The Amelia Island affair was an episode in the history of Spanish Florida.

The Embargo Act (1807) and the abolition of the American slave trade (1808) made Amelia Island, on the coast of northeastern Florida under Spanish rule, a resort for smugglers with sometimes as many as 150 ships in its harbor. In June, 1817, Gregor MacGregor, a Scottish adventurer styling himself the "Brigadier General of the United Provinces of New Granada and Venezuela, and General-in-Chief of the Armies of the Two Floridas", came to Amelia Island. A peripatetic military adventurer, MacGregor, purportedly commissioned by Simón Bolívar, had raised funds and troops for a full-scale invasion of Florida, but squandered much of the money on luxuries. As word of his conduct in the South American independence wars reached the United States, many of the recruits in his invasion force deserted. Nonetheless, he overran the island with a small force, but left for Nassau in September.

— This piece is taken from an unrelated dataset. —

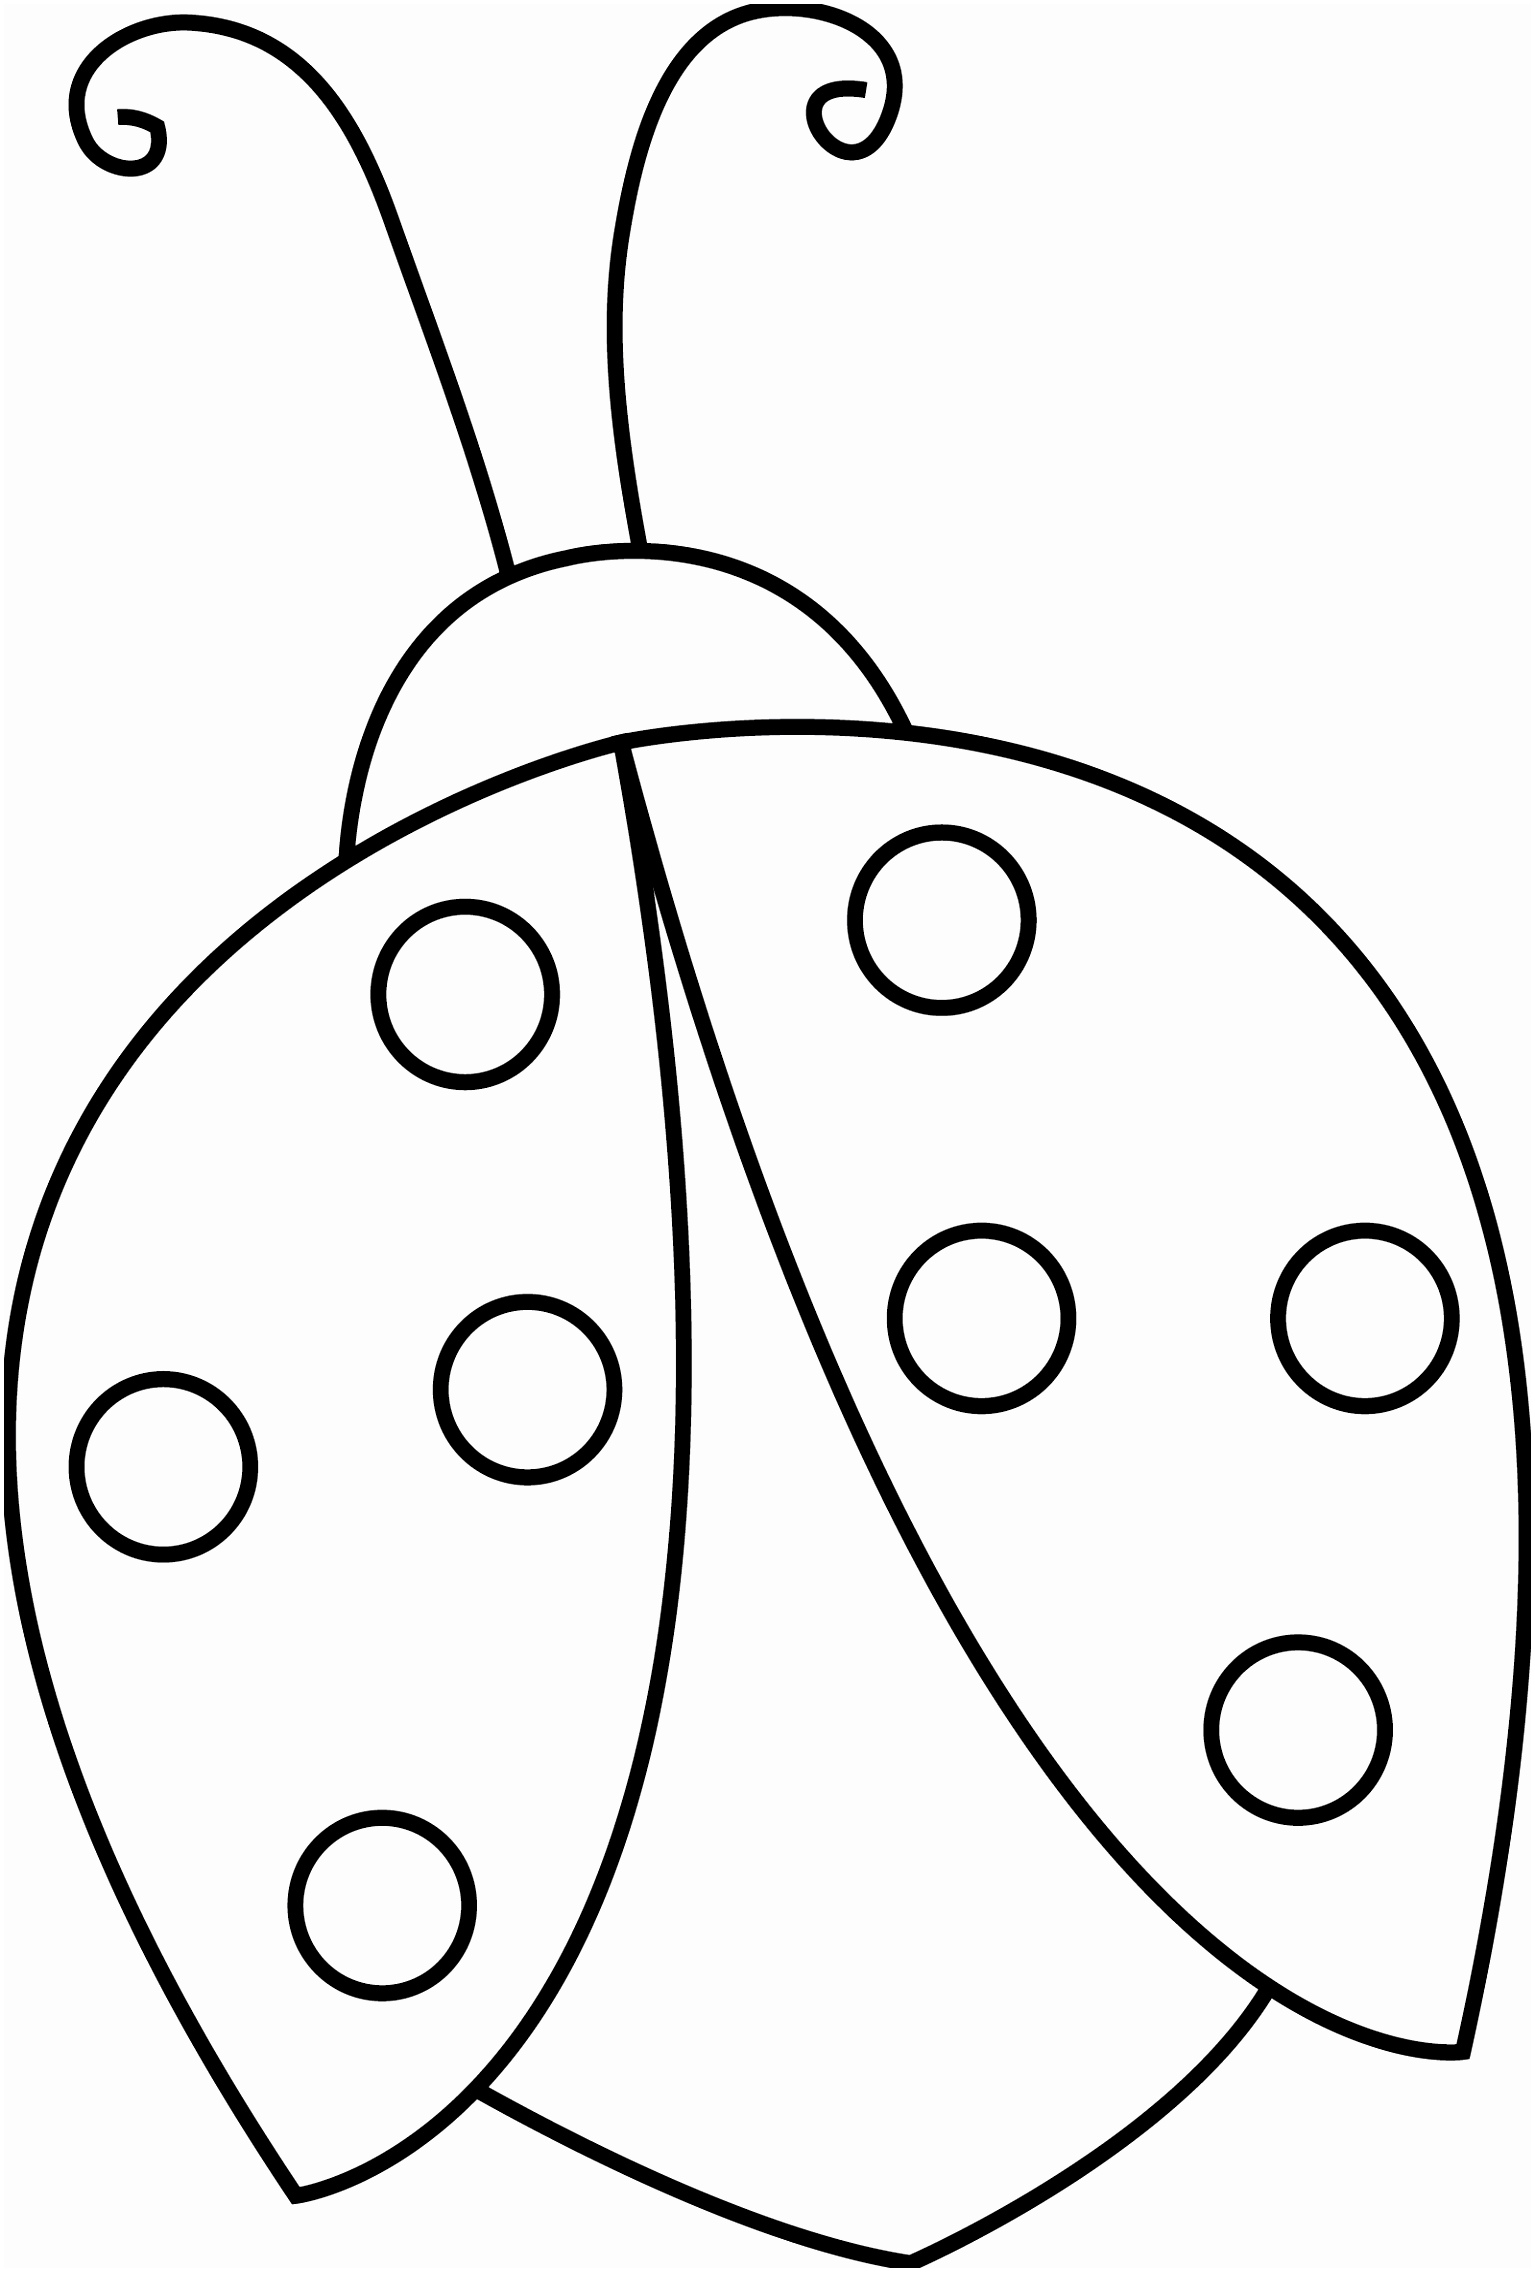 printable-ladybug-template-printable-templates-free

Mexican insurgents' flag flown by privateer Louis Aury

His followers were soon joined by Louis-Michel Aury, formerly associated with MacGregor in South American adventures, and previously one of the leaders of a group of buccaneers on Galveston Island, Texas. After assuming control of Amelia, Aury created an administrative body called the "Supreme Council of the Floridas", while Pedro Gual Escandón and Vicente Pazos Kanki drew up a constitution, and invited all Florida to unite in throwing off the Spanish yoke. For the few months that Aury controlled Amelia Island, the flag of the revolutionary Republic of Mexico was flown. This was the flag of his supposed clients who were still fighting the Spanish in their war for independence at the time. The United States, which had plans to annex the peninsula, sent a naval force which captured Amelia Island on December 23, 1817.

Amelia Island was viewed by the U.S. as a "colony of pirates and slave traders" who were prone to violating the 1808 Prohibition on the Importation of Slaves.In his December 2, 1817, message to the 15th United States Congress, President James Monroe described the affair as "a mere private, unauthorized adventure":
Projected and commenced with an incompetent force, reliance seems to have been placed on what might be drawn, in defiance of our laws, from within our limits; and of late, as their resources have failed, it has assumed a more marked character of unfriendliness to us; the island being made a channel for the illicit introduction of slaves from Africa, into the United States, an asylum for fugitive slaves from the neighboring states, and a port for smuggling of every kind.